Q3 earnings season will contribute to market sentiment as major US companies are expected to show improved earnings. To kick things off, JPMorgan Chase, Wells Fargo and Citigroup on Friday reported profit growth above analysts’ expectations, supported by higher interest rates. US ECONOMIC DATA: US Retail Sales (Sept.) will provide a snapshot of the strength of public spending, which controls about two-thirds of the US economy. Economists expect retail sales to increase 0.2% last month. A stronger-than-expected actual result could raise fears of a return of inflation and add to the belief that the Federal Reserve needs to keep interest rates higher for a longer period of time. Market participants will also be watching Fed Chairman Jerome Powell’s comments on Thursday when he speaks at an Economic Club of New York event; as well as comments from several Federal Reserve officials scheduled for this week.

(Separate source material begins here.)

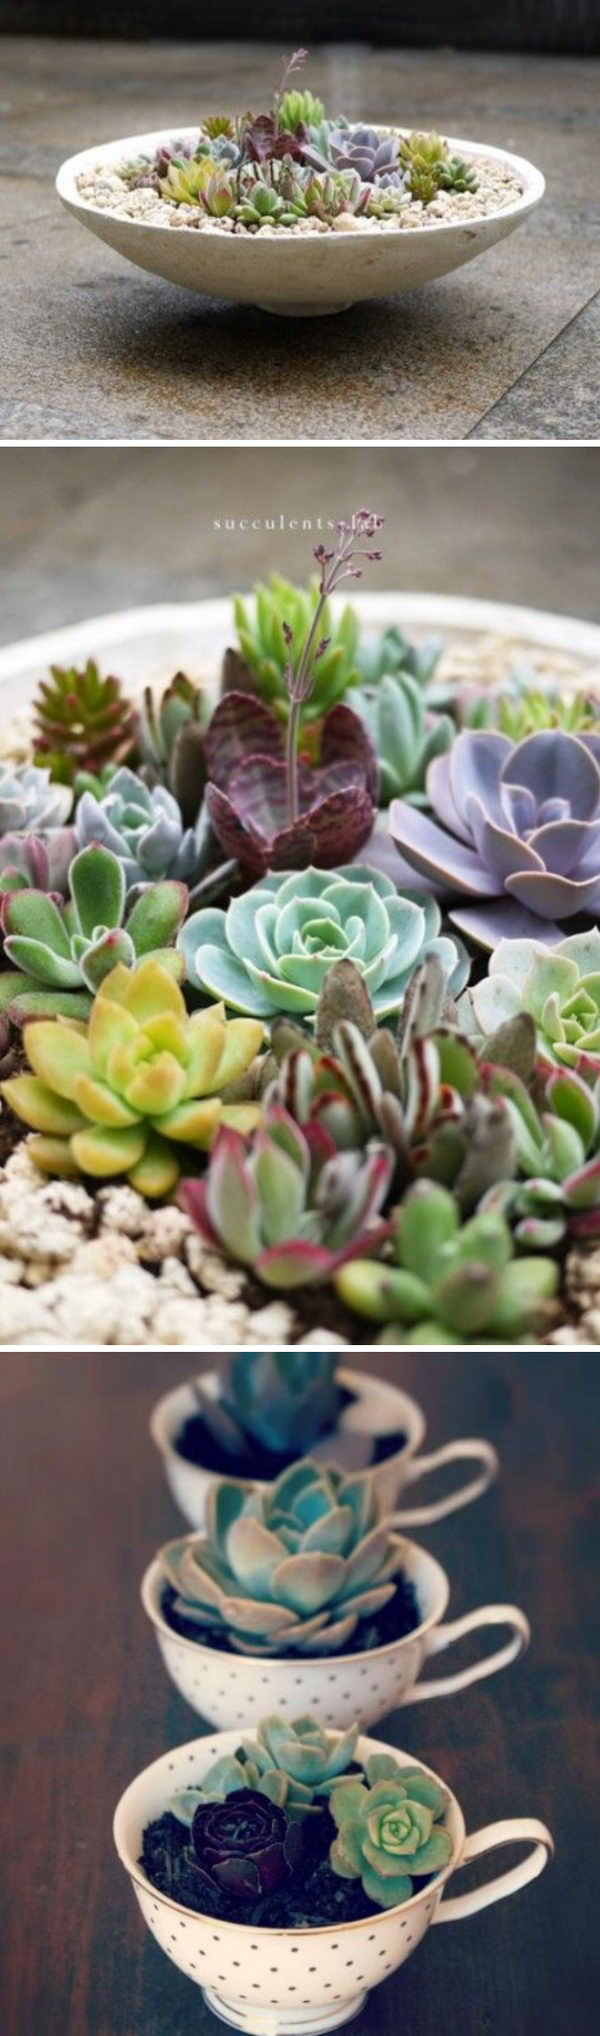 DIY Teacup Succulent Garden.

COMMODITIES: WTI Oil prices surged nearly 6% last Friday while Brent posted its biggest weekly gain since February. Although Israel is not a major global oil = producer, traders & speculators are anticipating the possibility of the conflict spilling over into other parts of the Middle East. One more move from the US that helped push Oil prices up was: the US on Thursday imposed sanctions for the first time on the owner of a tanker carrying Oil from Russia above the G7 price limit of USD60/barrel. Another factor of concern is the weekly update of US Oil inventories on Wednesday, where the issue of supply shortages on all fronts will further push the price of this commodity upwards.

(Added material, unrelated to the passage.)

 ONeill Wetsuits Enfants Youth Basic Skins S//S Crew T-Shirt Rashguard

CHINA DATA: China’s GDP in the third quarter of 2020 is expected to slope back to 4.4% yoy (lower than the government’s annual target of 5%) from the massive growth of 6.3% in the previous quarter. Other reports from China related to Industrial Production, Retail Sales, and Unemployment Rate are expected to show slight improvement. At the end of this week, the PBoC Loan Prime Rate will be announced again whether it remains the same as the previous period at 3.45%. EUROPE DATA: The employment report and Inflation rate (Sept.) will feed into the Bank of England’s November meeting. Eurozone CPI (Sept.) is expected to ease to 4.3% yoy from 5.2% the previous month.

INDONESIA: here are a handful of economic data worth monitoring for Indonesian investors/traders, namely: Trade Balance (Sept.) and Export & Import growth. However, the highlight of the week will be Bank Indonesia’s decision on Thursday regarding lending & deposit rates in light of the current Inflation rate and in order to stabilize the Rupiah exchange rate.